Equities and Bond Yields Up… Dollar and Price of Oil Slip
February 19, 2021
Share prices advanced 0.7% in South Korea, 0.6% in China, and 0.5% in Indonesia. European markets and U.S. futures are up, too, but equities fell in Japan, Australia, New Zealand, and Singapore.
Ten-year sovereign debt yields today climbed 6 basis pints in the U.K., 3 bps in the U.S. and Germany and one basis point in Japan.
The trade-weighted dollar slackened 0.4% and is close to a 1-month low. In bilateral terms, the dollar has lost 0.4% against sterling, which strengthened above $1.4000 for the first time in 34 months. The dollar dropped somewhat more than 1.0% against the New Zealand and Aussie currencies, 0.4% versus the euro, 0.3% vis-a-vis the loonie and 0.2% against the yen.

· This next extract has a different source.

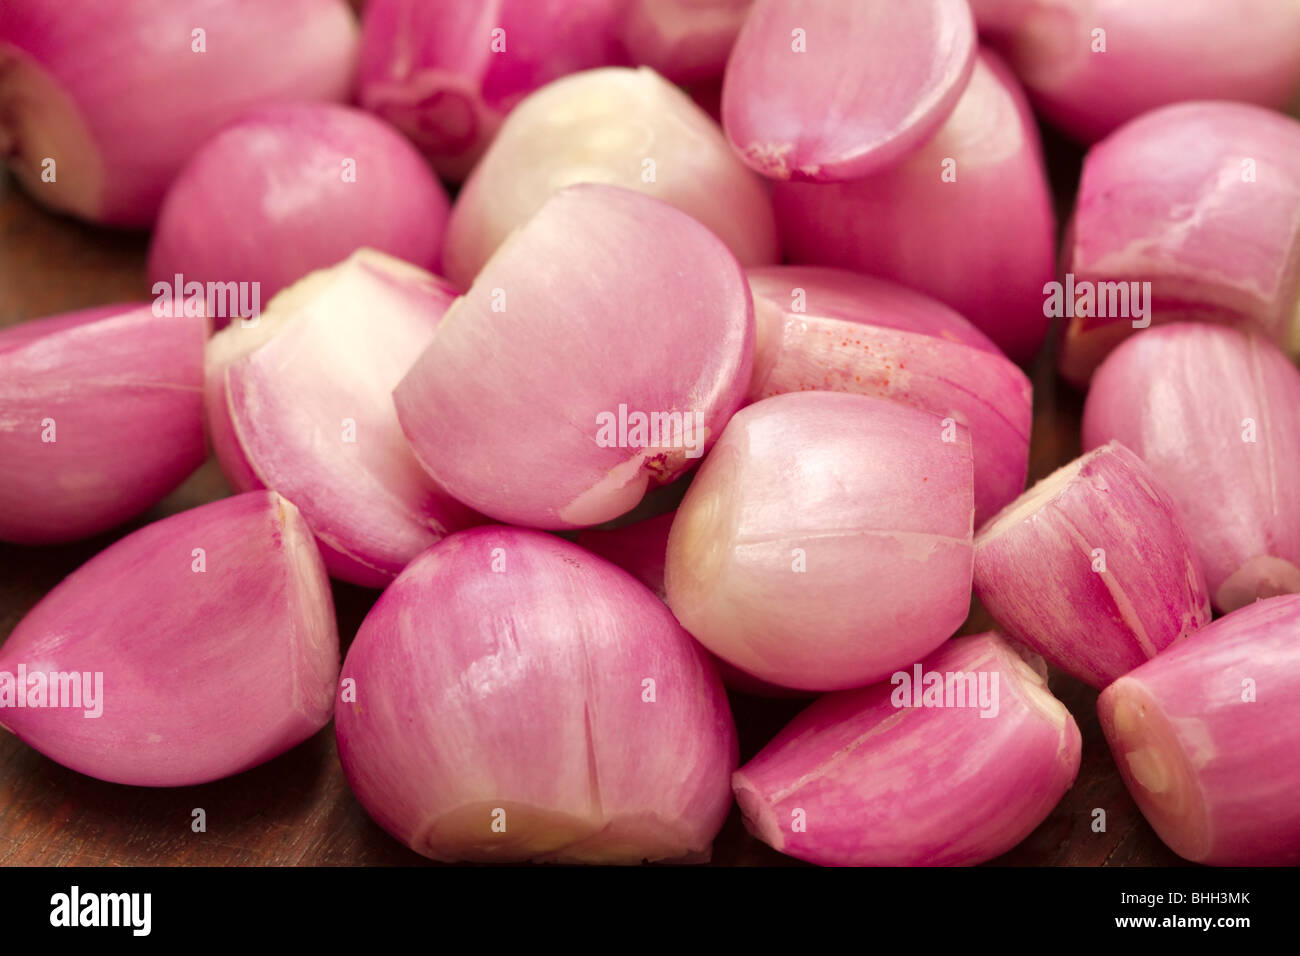 Peeled shallots Stock Photo

The price of West Texas Intermediate crude oil, which crested above $62/barrel yesterday has fallen back below $60. Gold has dipped 0.2%, and the bitcoin levitated further into unchartered territory at $52,904.
Preliminary purchasing manager survey results released today provide an early look at the month of February. There is continuing evidence of supply chain disruptions, yet better-than-expected manufacturing has mitigated the blow to services from a need to tighten lockdowns.
- Japan’s composite PMI rose half a percentage point to a 2-month high of 47.6 as services fell to a 6-month low of 45.8, while factory activity went above the 50 no change threshold to a 26-month high of 50.6.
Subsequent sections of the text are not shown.